*Work instruction*
Leave out every picture, and restate word for word only the lines from the one containing "独特なリズムで可愛いらしいメロディーの再生済みの波形" through the end of the material.

*Supplied data*
_____

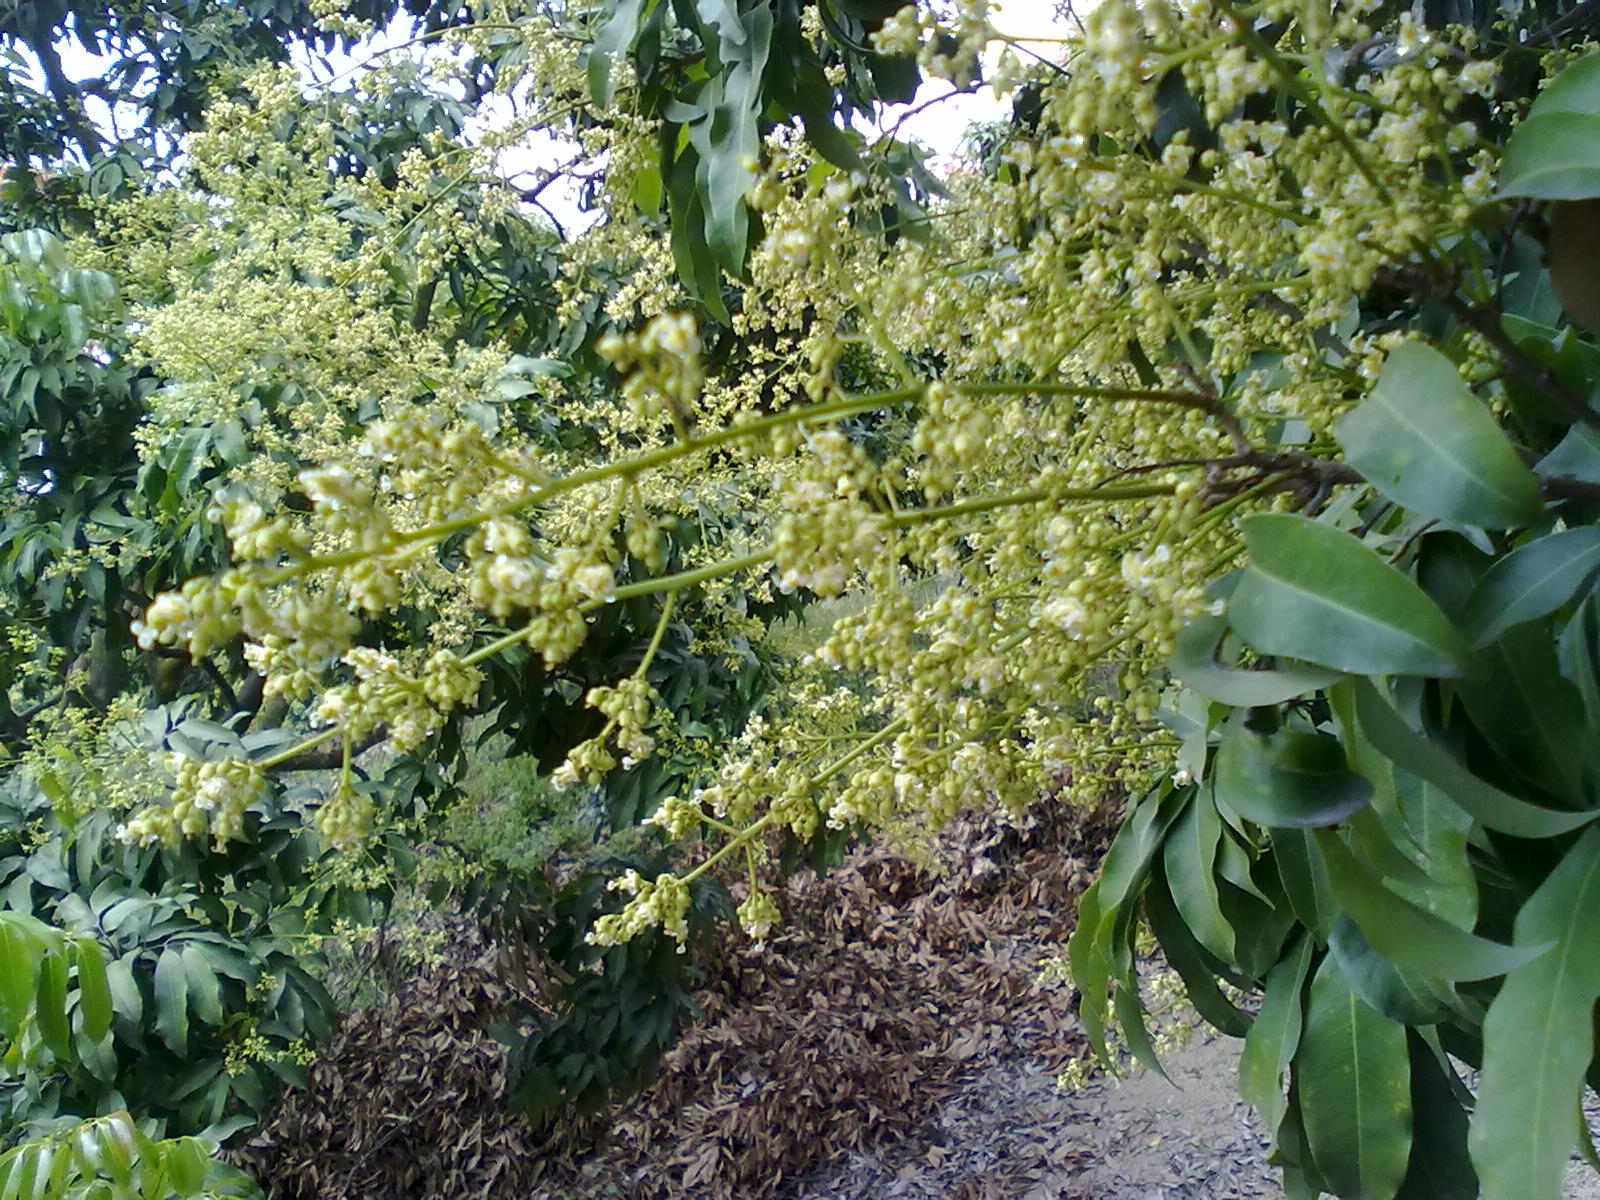 荔枝花上的荔枝蜜
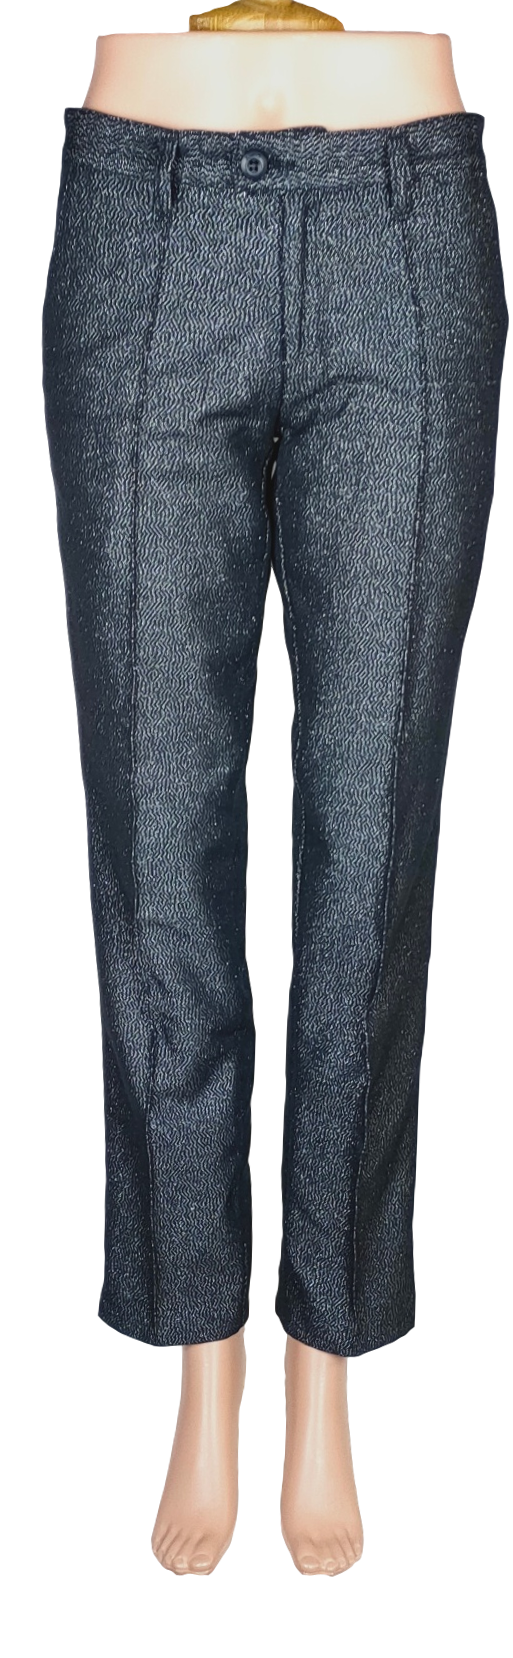 Pantalon Kulte - Taille S
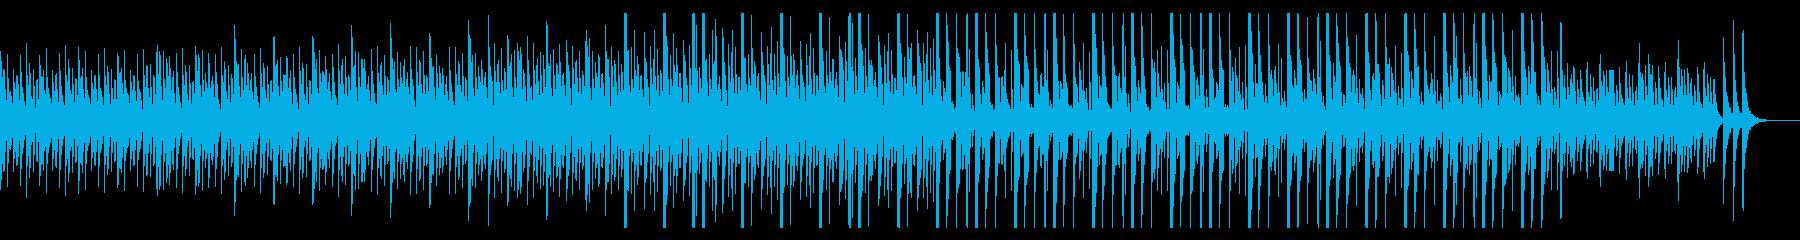 独特なリズムで可愛いらしいメロディーの再生済みの波形
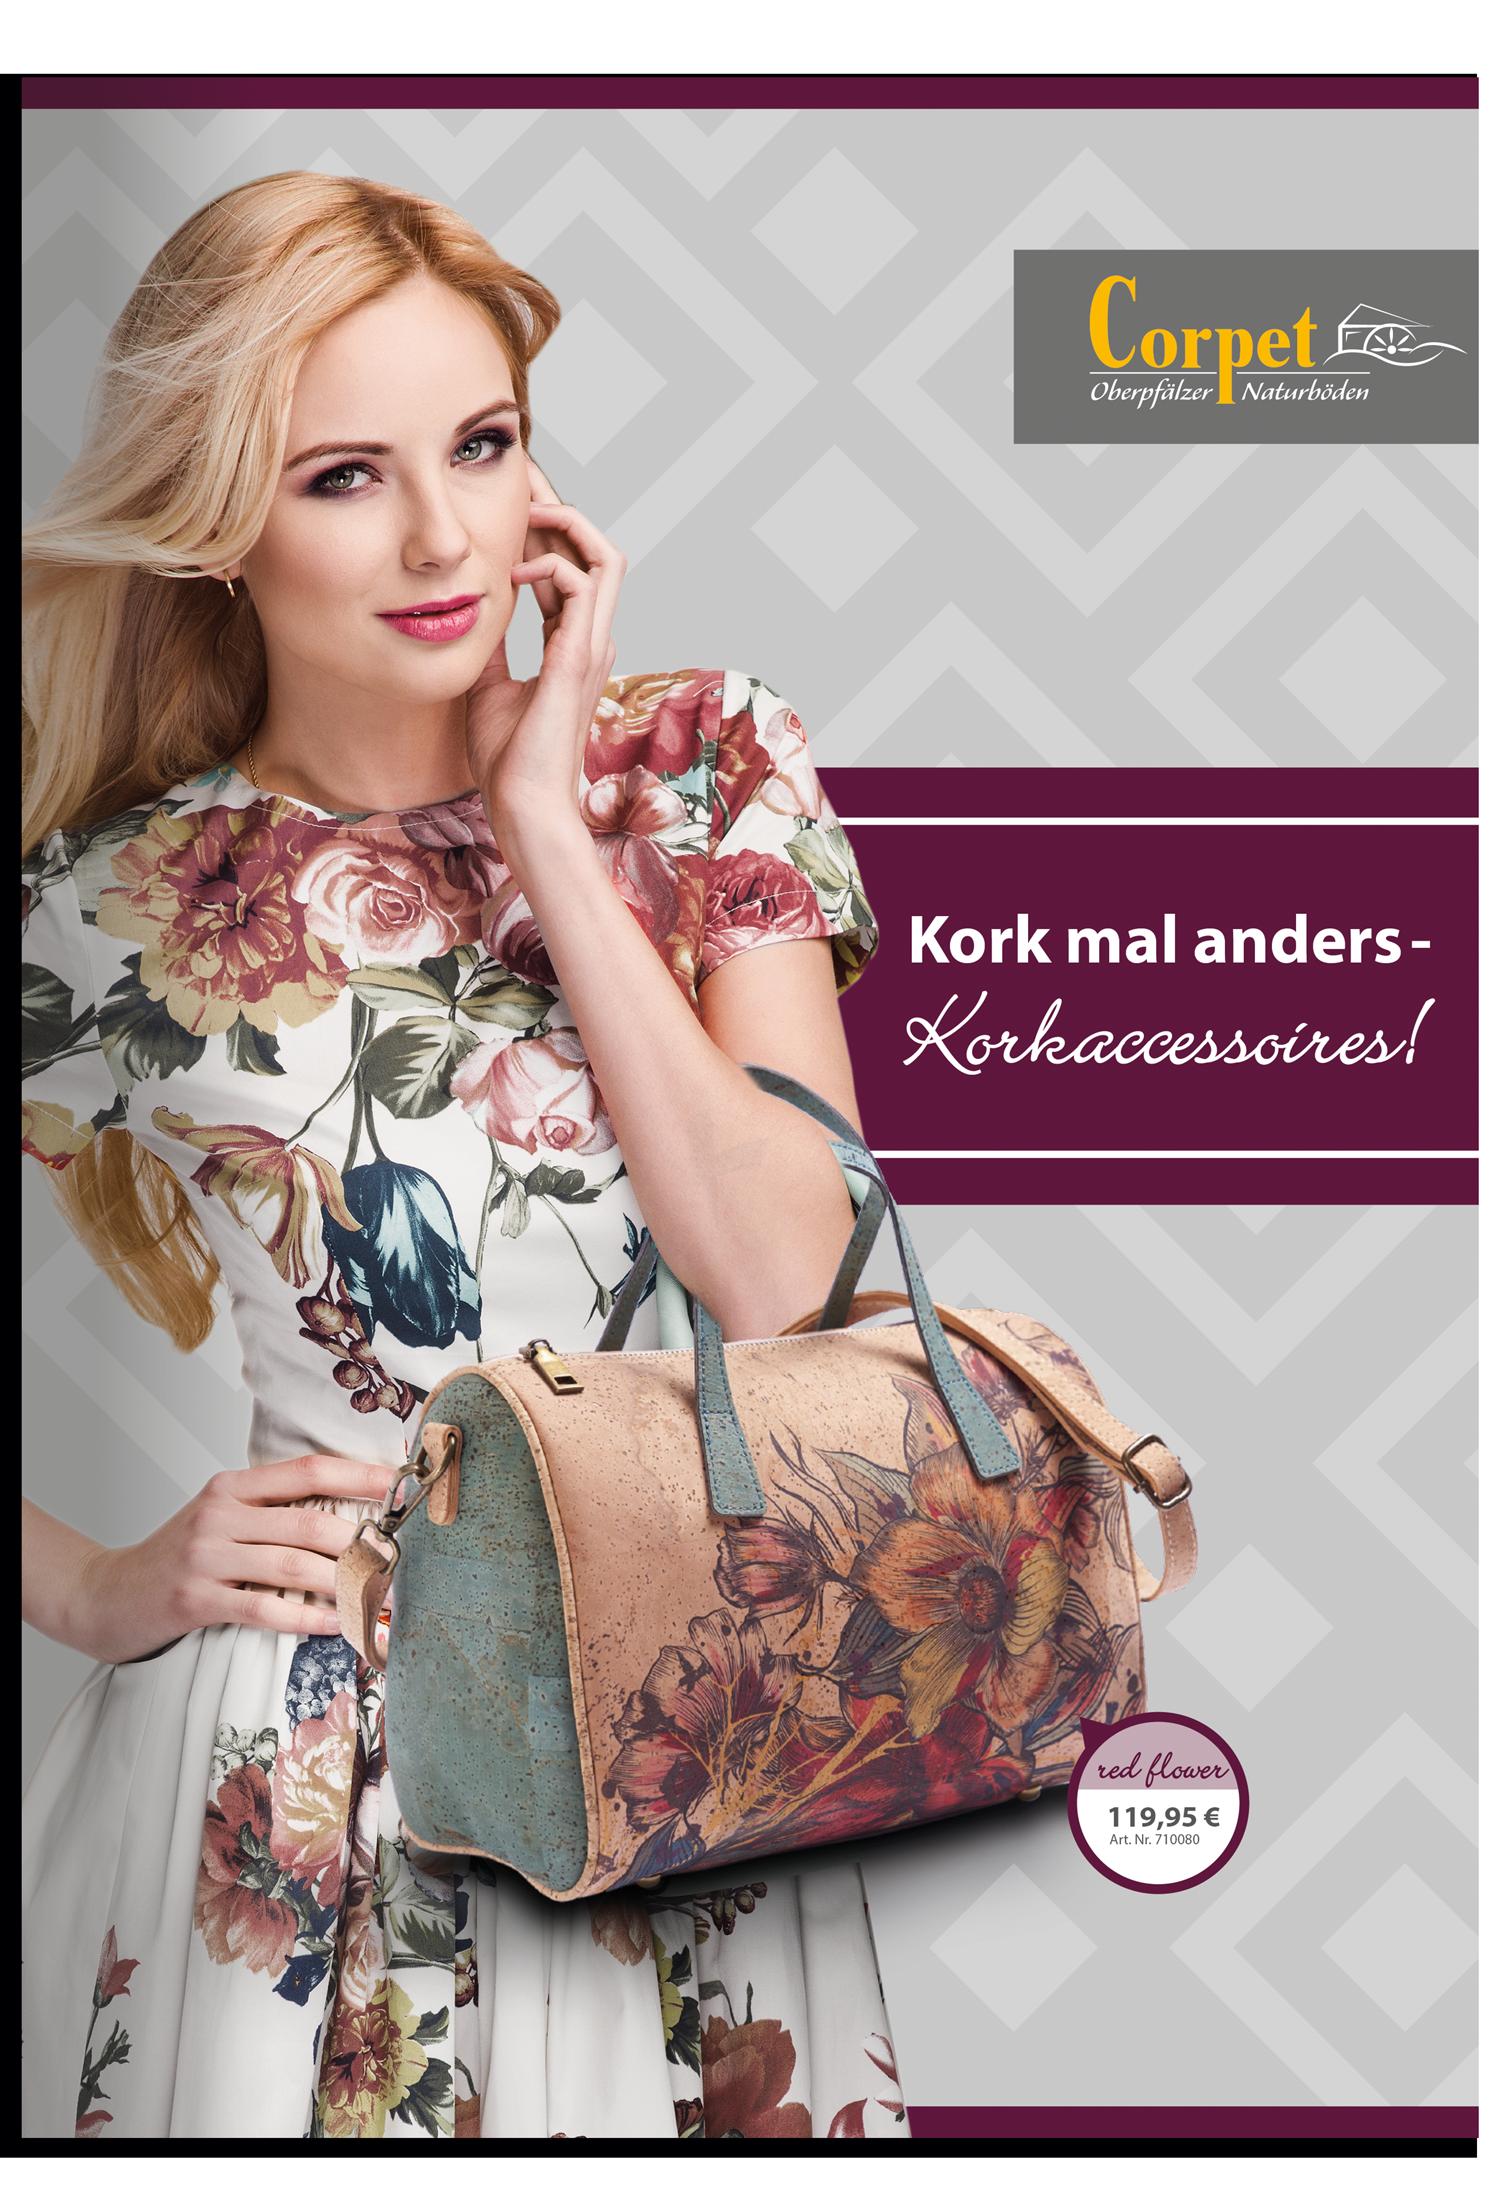 Kork_Accessoires_Katalog

_____

*Written answer*
 独特なリズムで可愛いらしいメロディーの再生済みの波形
 Kork_Accessoires_Katalog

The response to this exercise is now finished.